Explaining why the $F(x,y)=x^2+y^2$ has a minimum on $xy = 3$ but not a maximum 
I have been asked to find the minimum value of the function $F:\Bbb{R}^2\to\Bbb{R}$, $F(x,y)=x^2+y^2$ on the curve $xy = 3$.

I found the minimum value with using Lagrange multipliers theorem. The answer is $(-\sqrt{3},-\sqrt{3})$ and $(\sqrt{3}, \sqrt{3})$; and when you place these into the function, the value is $6$, so the minimum value is $6$.
There are two problems now:

*

*In class the only way we learn to say if its minimum or maximum is to use weirshtrass theorem that saying that the function gets max and min and than choose between the potential max and min points. Here, i can't use weirshtrass theorem so i am not sure how i am supposed to prove this is a minimum point and not maximum point. I thought of taking another random point on the curve and just say that it's smaller than it but it's look not formal and strong.
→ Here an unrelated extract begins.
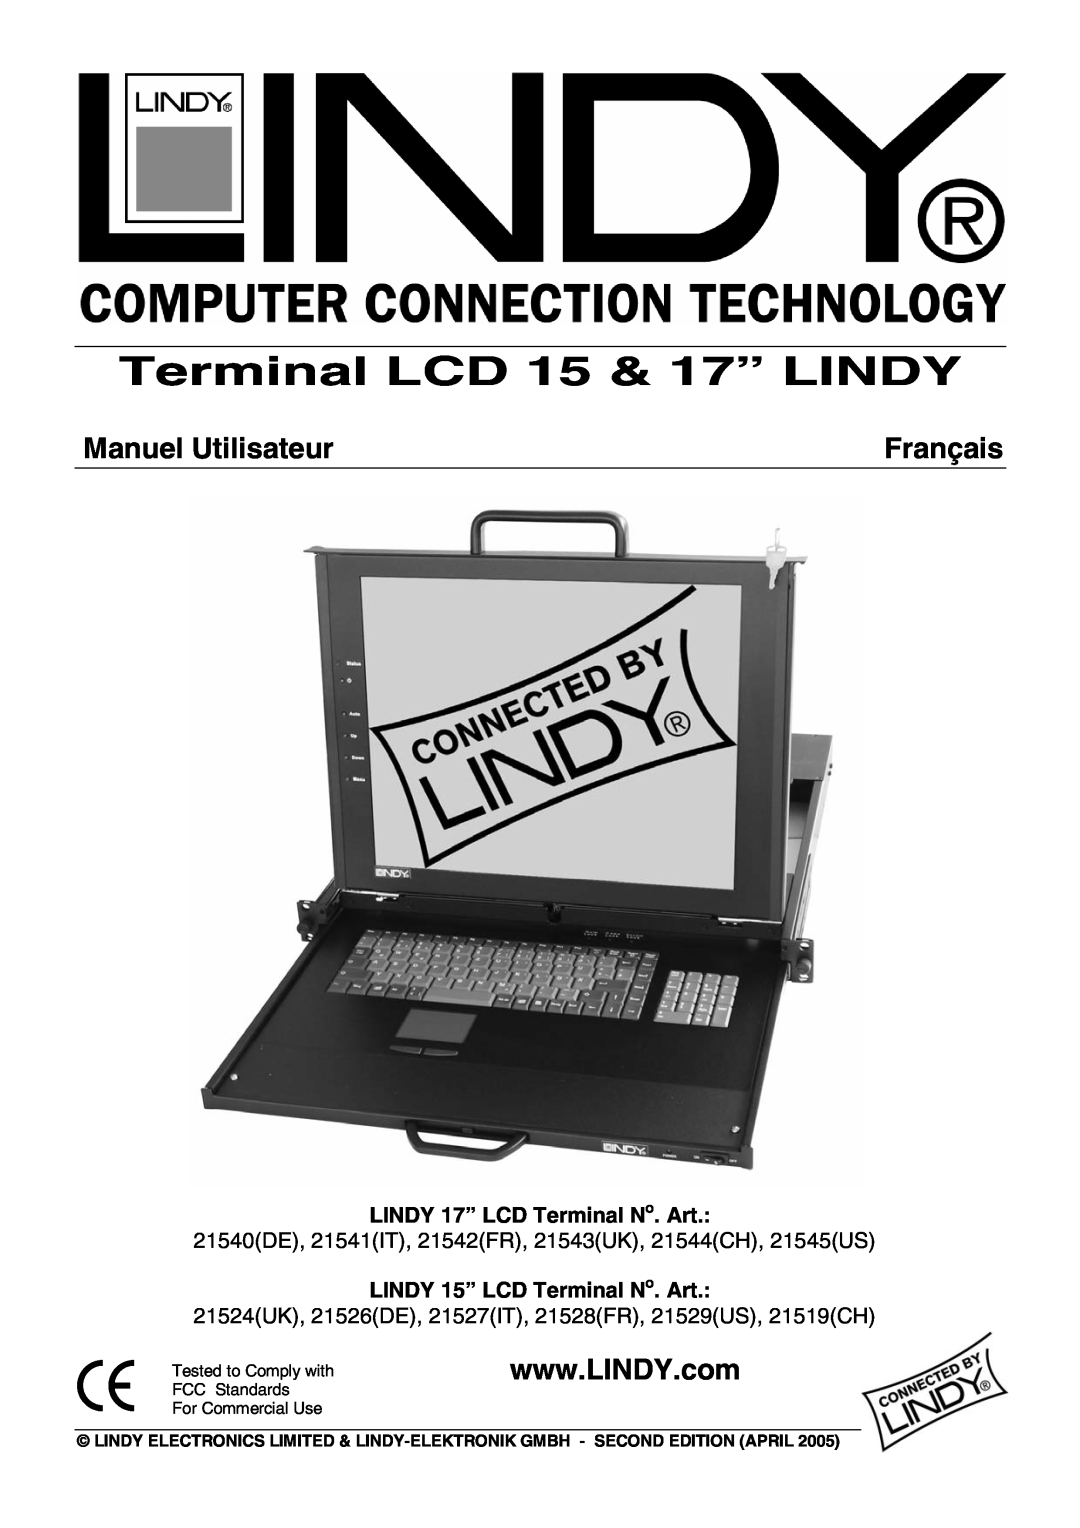 Lindy Laptop manual Terminal LCD 15 & 17” LINDY, Manuel Utilisateur, Français, LINDY 17” LCD Terminal No. Art 
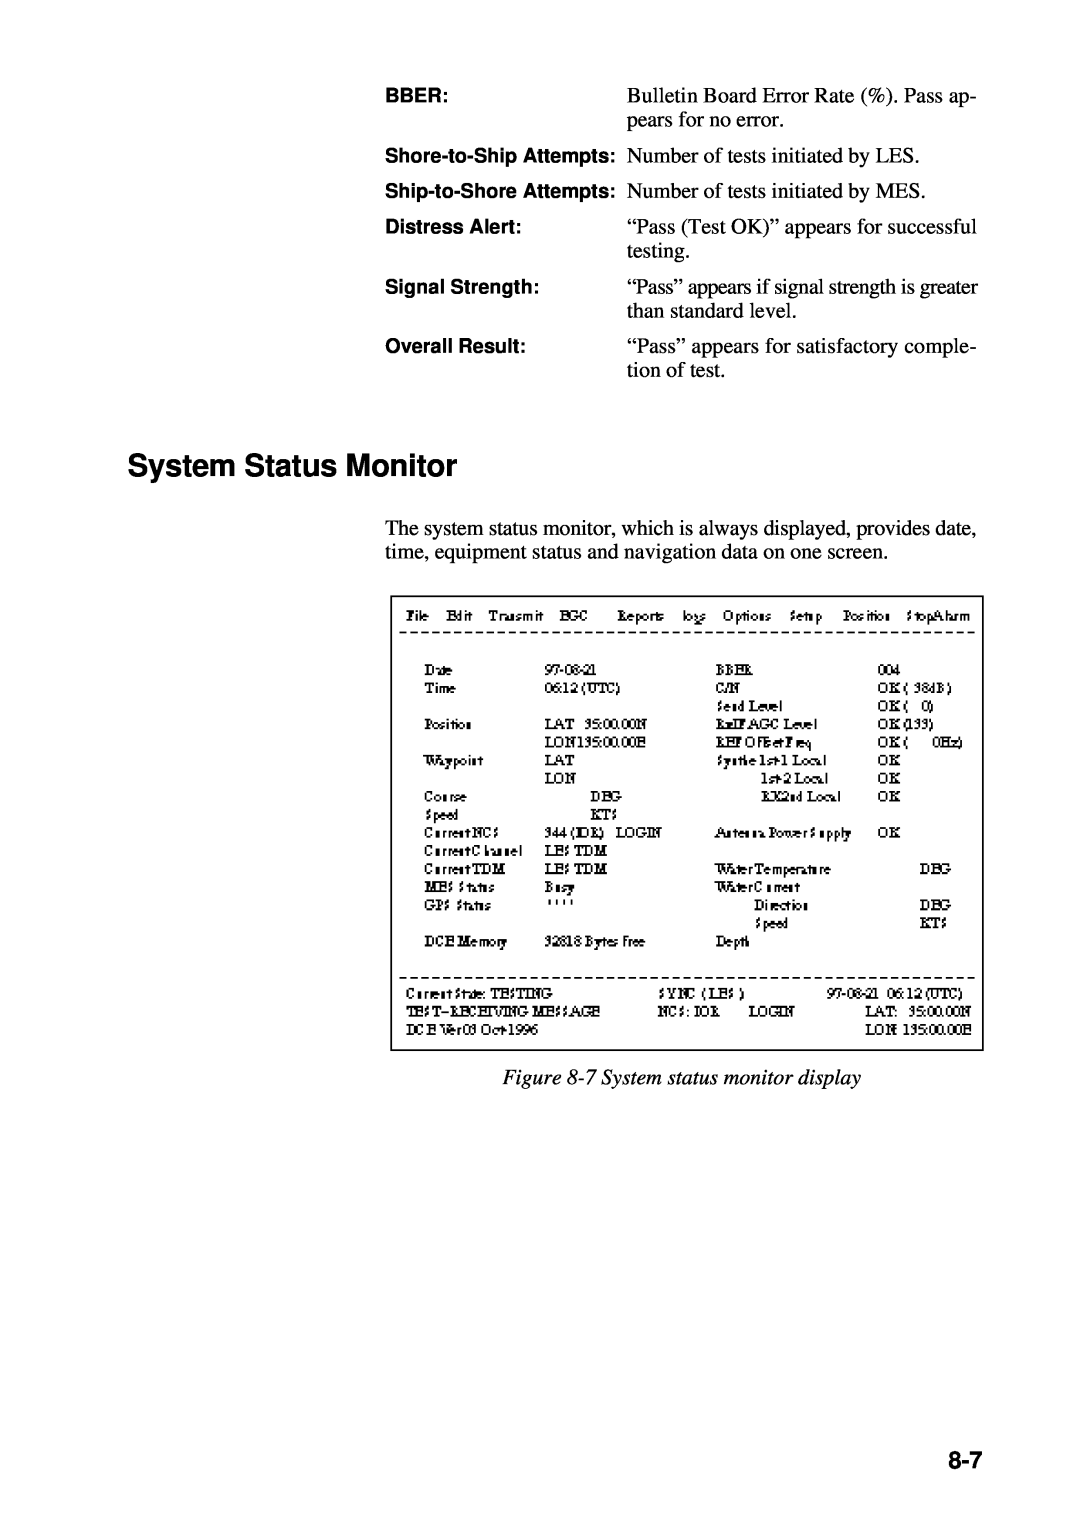 Furuno RC-1500-1T manual System Status Monitor, 7 System status monitor display

*I need to explain why the function has minimum on the curve but does not have a maximum on the curve. I don't know what they want from me and how I am supposed to approach it.
At the bottom line, I think they miss to teach us all we need in class, so I am asking for explanation or a link to a video with explanation to this problem.
 A: For the maximum, you can prove that F isn't bounded on the curve xy=3.
For any bound $M \geq 6$, we have with $(x,y) := (M,\frac{3}{M})$ that $xy=3$ and $f(x,y) = x^2 + y^2 = M^2 + \frac{9}{M^2} > M$
A: I edit my post to try to make the argument more clear.
$1$ variable case.
Claim: take $f:\mathbb{R} \to \mathbb{R}$ continuous such that $\lim_{x\to{-\infty}}f(x)=\lim_{x\to +\infty}f(x)=+\infty$ then $f$ has a minimum (not a maximum obviusly), this property is called coercivity. An example of coercive function is $ f_1(x)=x^2$ but also $f_2(x)=x^2+\arctan(45+\sin(x^{2/5}))$. They both explode to $+ \infty $ as $|x|$ grows. You can intuitively see that the minimum cannot be found far away from $0$ because they will be grater and grater as we move away. Rigorously take $f(0)=c$ the definitions of limits give us that there exists  a constant $R>0$ such that if $x>R$ then $f(x)>c$ , and if $x<-R$ $f(x)>c$. Therefore the $$\inf_\mathbb{R} f(x)=\inf_{[-R,R]}f(x)$$
the second infimum exists and is a minimum by Weierstass because we have restricted to a compact set ( we are not so far away from $0$).
2 variable case
The idea is the same, you have to observe that the function grows as you move away from the origin. For example you find that there is one point where the function attains the value $6$, now you can search the minimum only in the set $\{xy=3\} \cap \{x^2+y^2 \le 6\}$ which is compact!
In this case compactness is easy and I see now that coercivity is not needed, altought if you want to maximize a generic function $G(x,y)$ over $\mathbb{R}^2$ you need precisely this property.
A: Convert this into polar coordinates,
$x = r\cos\theta, y = r\sin\theta$
Curve $xy = 3 \implies r^2 \sin2\theta = 6$
We need to find min and max of $ \displaystyle f(r, \theta) = r^2 = \frac{6}{\sin2\theta} $
As $r \in \mathbb{R}, \sin2\theta \geq 0$ and $f$ is minimum when $\sin2\theta$ is maximum which is $1$.
$\therefore \min f(r, \theta) = 6$
Also you can clearly see there is no maximum as $\theta \to n\pi/2, f \to \infty$.